Qualcomm’s latest VRDK headset is a reference design that the company has positioned to act as a foundation for consumer electronics makers to create their own headsets based on Qualcomm’s Snapdragon VR hardware. Now with manufacturing partners on board, the first consumer headsets based on the VRDK reference design are expected to launch in the second half of 2017.
Qualcomm’s latest VRDK is built on the company’s new Snapdragon 835 chip. While Snapdragon 835 is suitable for a range of mobile devices like smartphones and tablets, the company says that the chip has also been built specifically with VR in mind.
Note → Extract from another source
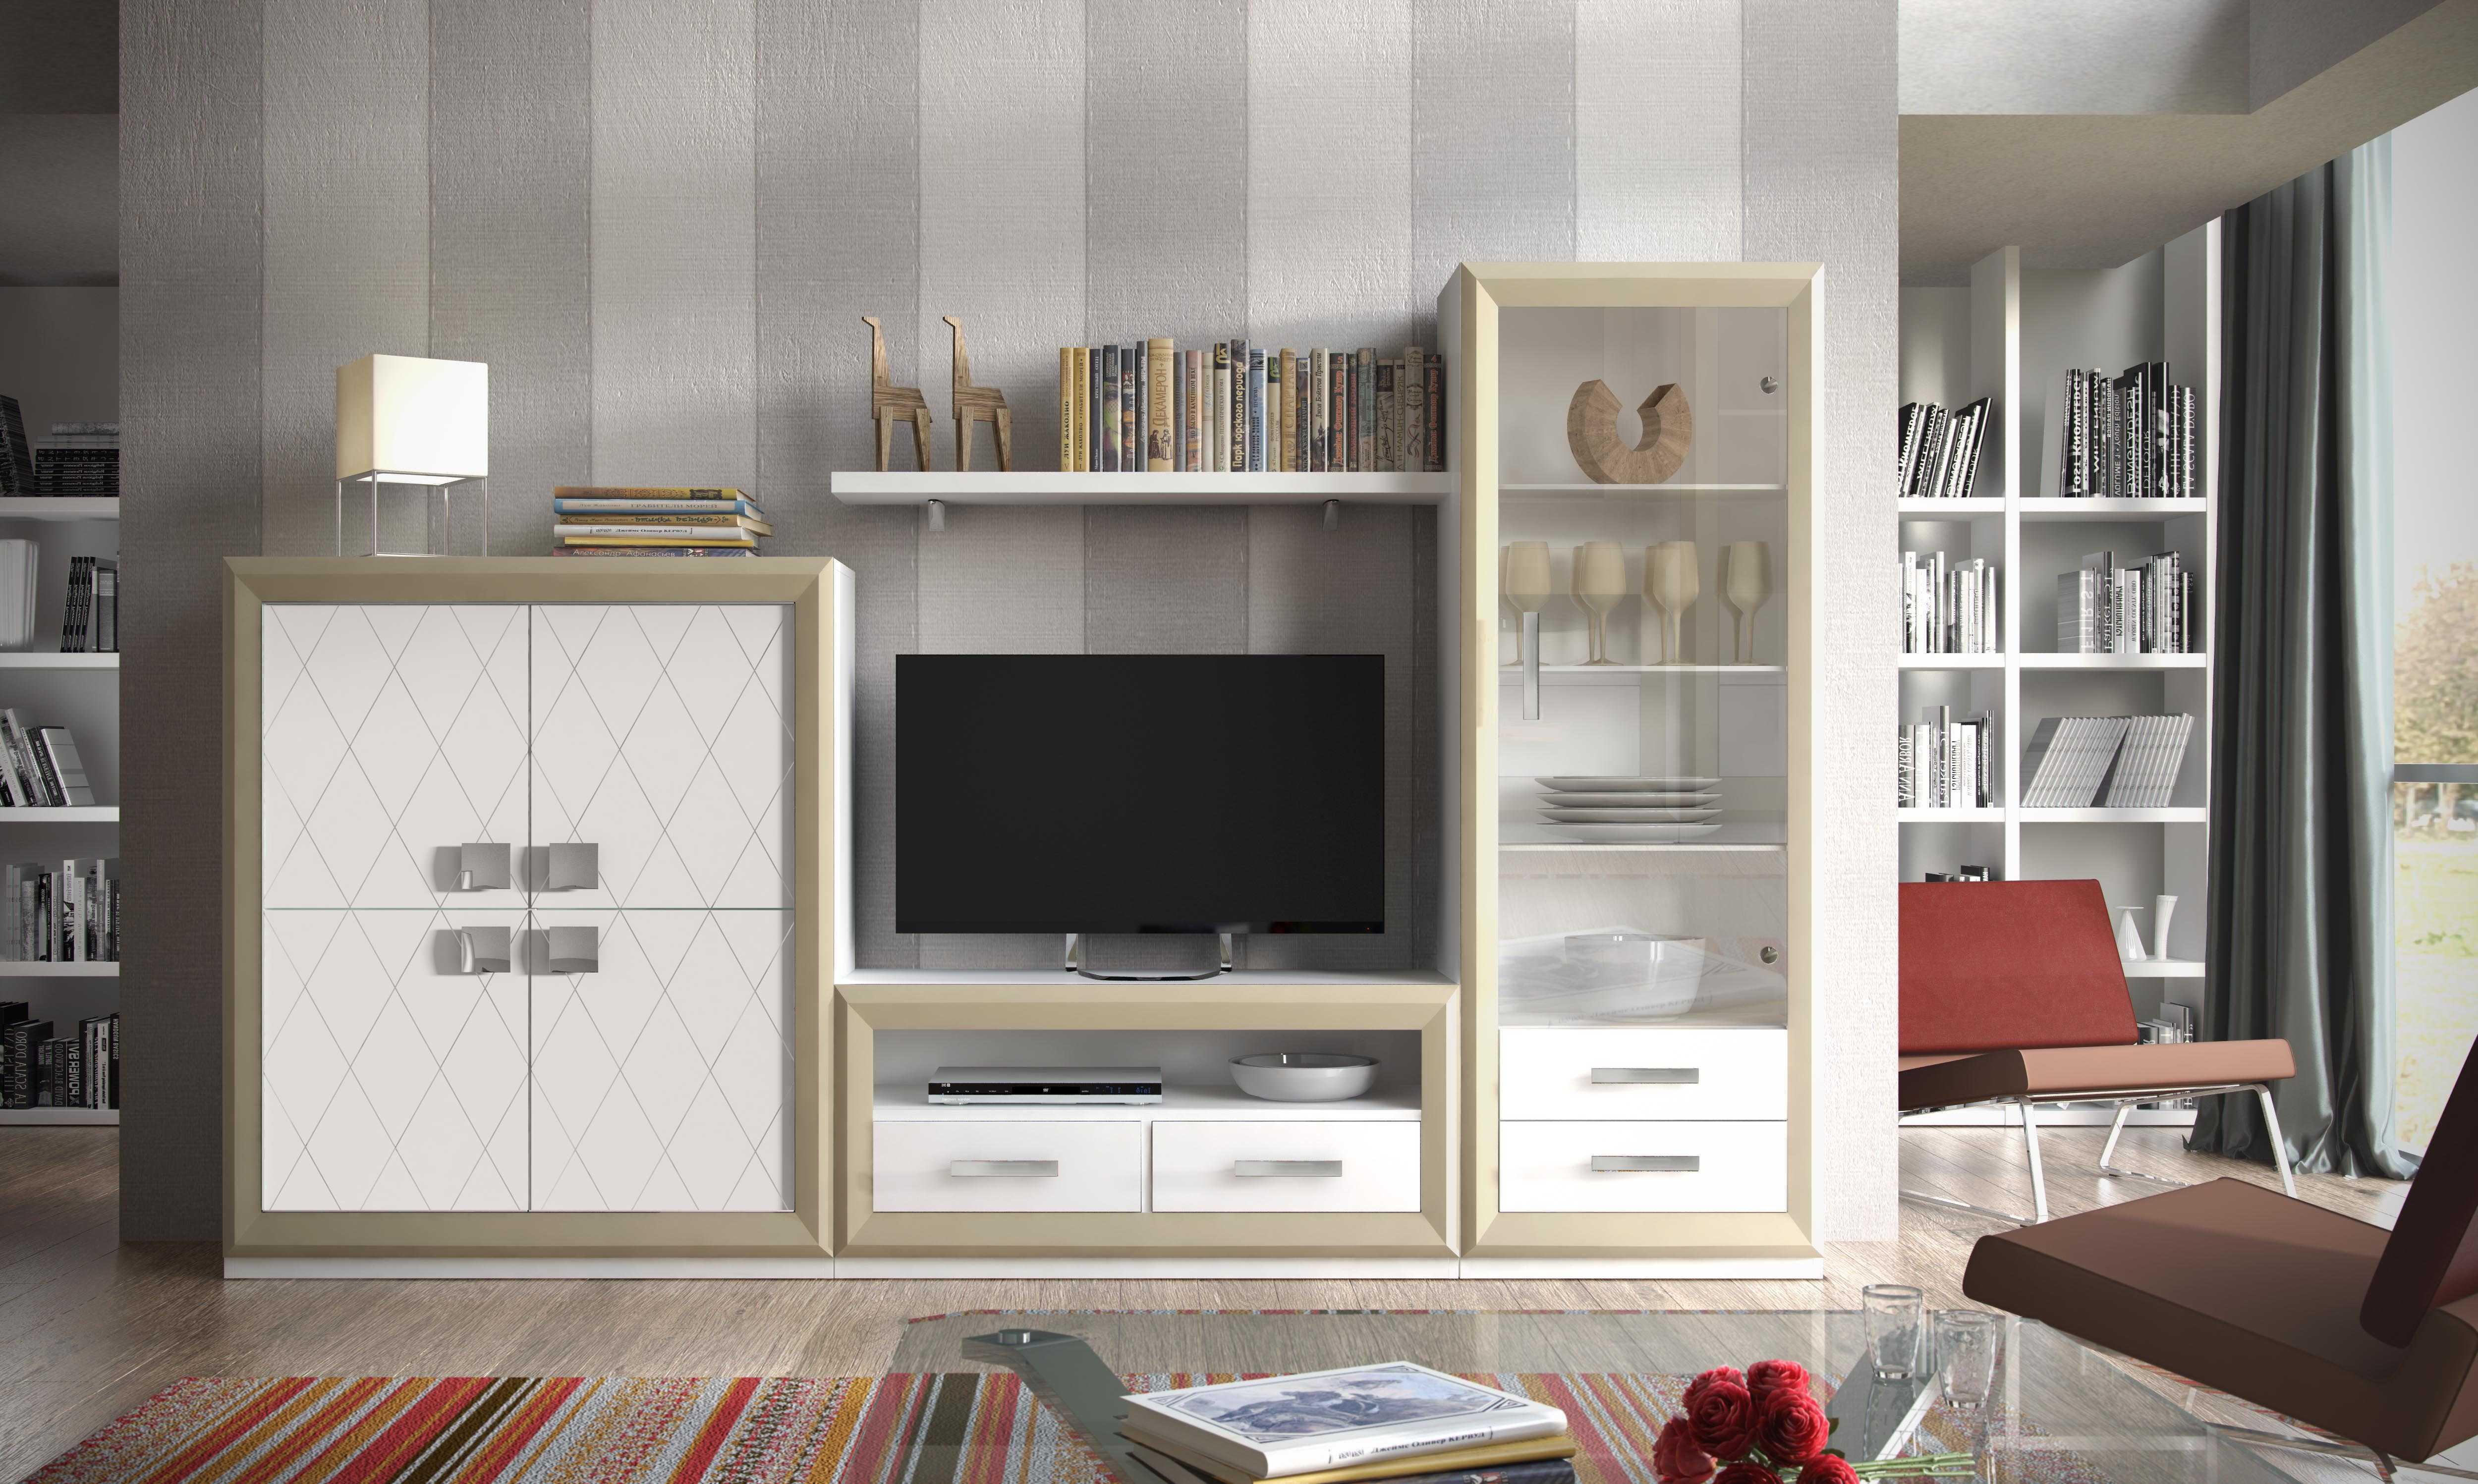 salon-contemporaneo-Claudia-muebles-paco-caballero-806-5cc6c11306ed4

As part of their VR efforts, Qualcomm has formed the ‘HMD Accelerator Program’ which is designed to “commercialize VR HMDs quickly with fewer resource restrains.” Basically, Qualcomm wants to use its expertise to help companies build their own VR headsets based on Qualcomm’s hardware. This is similar to Intel’s play with their Project Alloy reference headset.
The root of the HMD Accelerator Program is the Snapdragon 835-based VRDK reference headset, an all-in-one mobile VR headset with inside-out 6DOF tracking, a 90Hz 2560×1440 AMOLED display, 100 degree field of view, 4GB of RAM, eye-tracking, and hand-tracking (via Leap Motion’s new mobile sensor). It’s a complete package that doesn’t require a host PC or a snap-in smartphone. But the VRDK itself won’t be sold, at least not by Qualcomm.
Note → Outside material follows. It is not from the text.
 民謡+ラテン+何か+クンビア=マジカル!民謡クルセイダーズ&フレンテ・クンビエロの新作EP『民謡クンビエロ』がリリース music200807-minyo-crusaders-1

Companies can use the VRDK as a starting point for creating their own VR headsets which might not look anything like Qualcomm’s VRDK, but would be built on much of Qualcomm’s hardware and underlying technologies. An Original Equipment Manufacturer (OEM) would choose which hardware and features to keep from the VRDK, and possibly add some of their own to differentiate the device from headsets built by other companies also based on the VRDK.
Qualcomm says that two Original Device Manufacturers (ODM), Goertek and Thundercomm, are the first to join the company’s HMD Accelerator Program. Both companies will offer manufacturing services for OEMs who want a VRDK-based headset built to sell to consumers.
The first of those consumer-ready devices are expected to launch in the second half of 2017, says Qualcomm.
The company also plans to distribute the VRDK to content creators to stimulate an ecosystem of applications which are specially built to take advantage of the Snapdragon 835 platform and VR headsets built upon it. Those headsets are expected to go out to developers in Q2 2017.
All-in-one (AIO) headsets have some clear advantages over mobile shell headsets like Gear VR which require a host smartphone to be snapped into the headset. For one, an AIO headset can be optimally designed for VR, whereas a mobile shell headset is restricted to the limitations of smartphone design (thin, small battery, limited heat dissipation). However, there’s some potential downsides too, the biggest of which is perhaps cost. In order to provide a great VR experience, AIO VR headsets need most of the same hardware that’s already in your smartphone (display, CPU, GPU, sensors, battery etc). That means they could end up being about as costly as a new smartphone.
Qualcomm and its partners haven’t yet announced any pricing information, so we’ll still have to wait and see where the price point falls, and how quickly it will be able to come down to mainstream levels.
Disclosure: Qualcomm and Road to VR co-hosted a networking event this month during GDC 2017.